From the Crux review: “he turns his meticulous attention to the whole matter of Pope Pius XII and what he really did - or did not do - during Hitler’s ascendancy and in the face of the evils perpetrated by the Nazis and Fascists in the Second World War. Digging deeply into the Vatican’s archives and other documented sources, Riebling reveals how Pius XII, far from practicing silent indifference to what was happening, was busily waging his own war against Hitler through clandestine efforts to undermine his objectives and even to oust him from power.” https://cruxnow.com/interviews/2016/06/16/pius-xii-part-one/

Christopher Lobb
6 years 4 months ago

Holiness does not preclude sinfulness.
You are conflating holiness with sinlessness.
Pius XII was not beyond moral reproach, and you should not consider him so.

Craig Hanley
6 years 4 months ago

o

Mike Mussman
6 years 4 months ago

What a beautiful and thoughtful way to heal with those who feel excluded from the Church.

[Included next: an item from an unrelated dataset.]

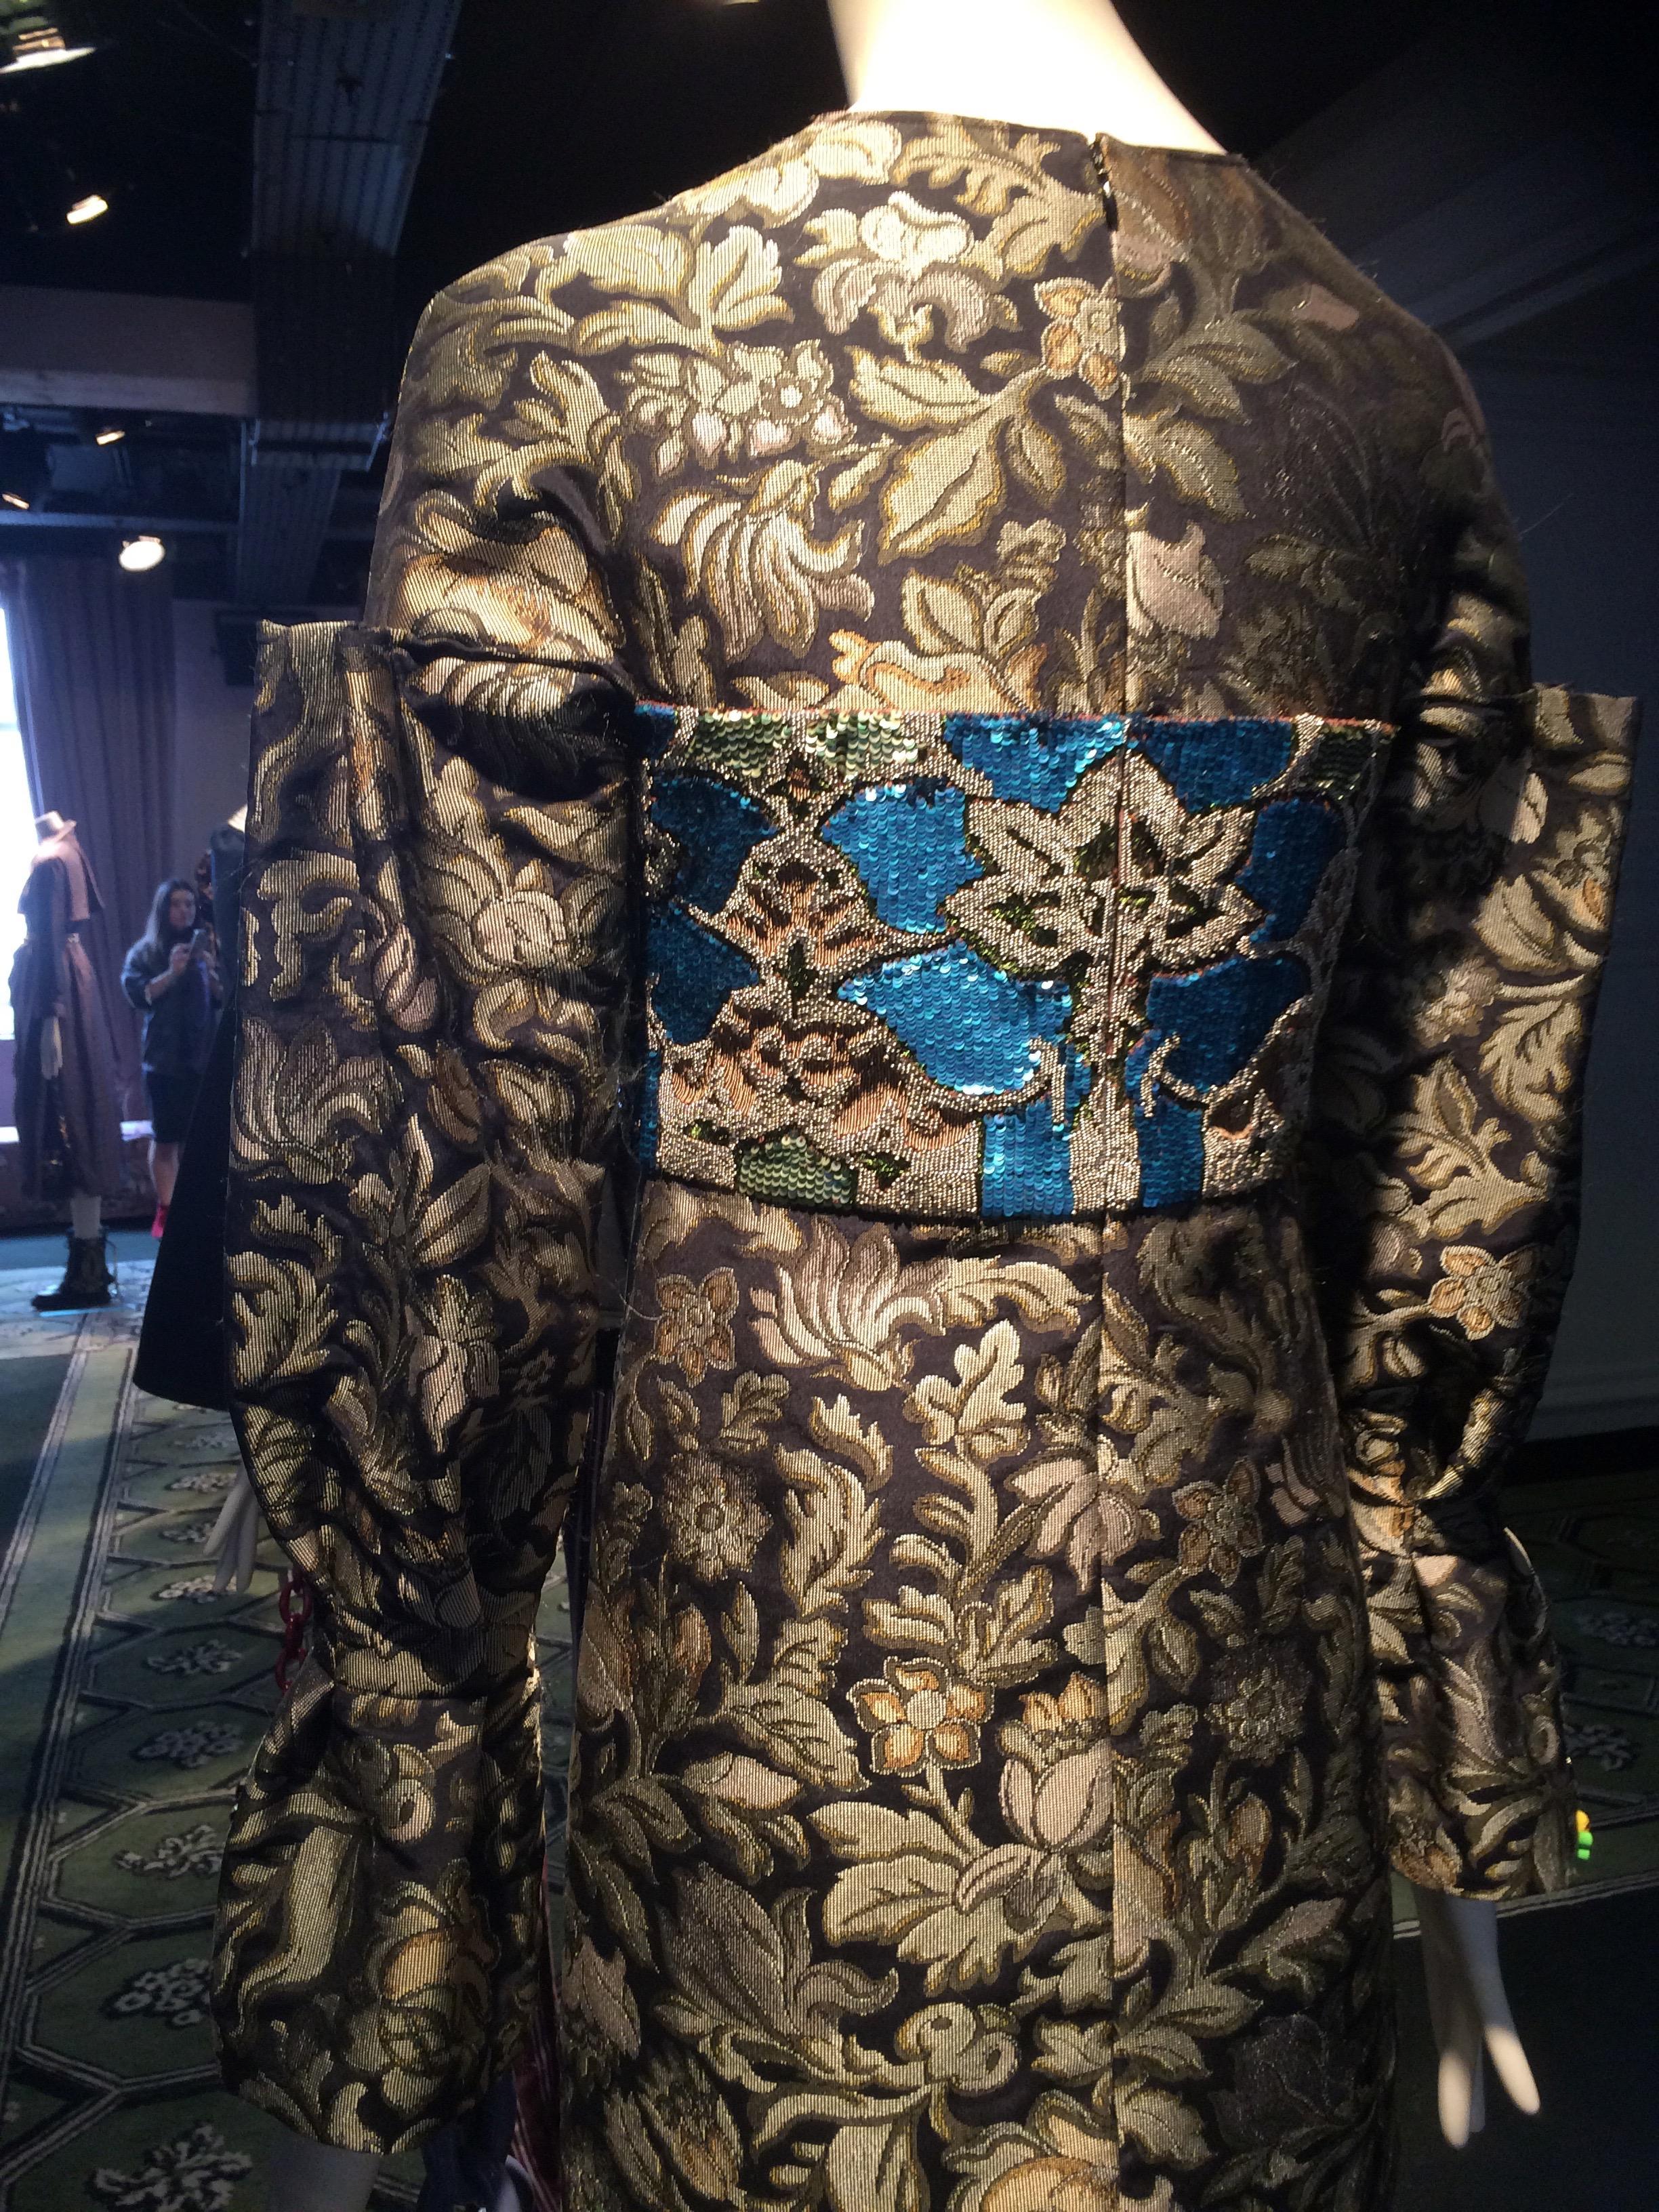 Brocaded Obi coat Burberry 2016/17

This coming from a young, Catholic women - when the Church is losing this demographic. We should be celebrating our young women!

This play is focused on healing divisions and we are the Catholic (Universal!) Church.

A young lady questioning her Church history and is very much in line with the Catholic Intellectual Tradition. Well done!

Nancy Walton-House
6 years 4 months ago

Well said. Agreed.

Robert Lewis
6 years 4 months ago

I agree.

Kevin Murphy
6 years 4 months ago

How does the gay community see this healing? By the Church's acceptance of the gay lifestyle? Everyone uses vague language like "building bridges" and "healing." Everyone would be better off if they were honest in their objectives. Father Martin is the lord of this dance. Does, as he often says, uphold church teaching, which would require chastity, or does he believe in gay relationships.?Everyone should speak plainly.

Carlos Orozco
6 years 4 months ago

There is, of course, an agenda to confuse behind the purposefully vague language, and it helps no one. Why can't a Catholic simply love the sinner and reject the sin? Are we so conditioned that we accept that an intrinsically damiging lifestyle (both to the individual and society) is a core identity of a particular person? If we do we are being incredibly uncharitable behing a mask of love and acceptance, abandoning the person to deceit and its consequences.

Dionys Murphy
6 years 4 months ago

"Why can't a Catholic simply love the sinner and reject the sin?" - Because this is the language people use when they clearly still reject the sinner and focus on the sins of a few while ignoring the sins of others, including their own self. It seems to me that pretending to love while still hating is in and of itself an intrinsically damaging lifestyle (both to the individual and society) and an indication of the sad core identity of a particular person.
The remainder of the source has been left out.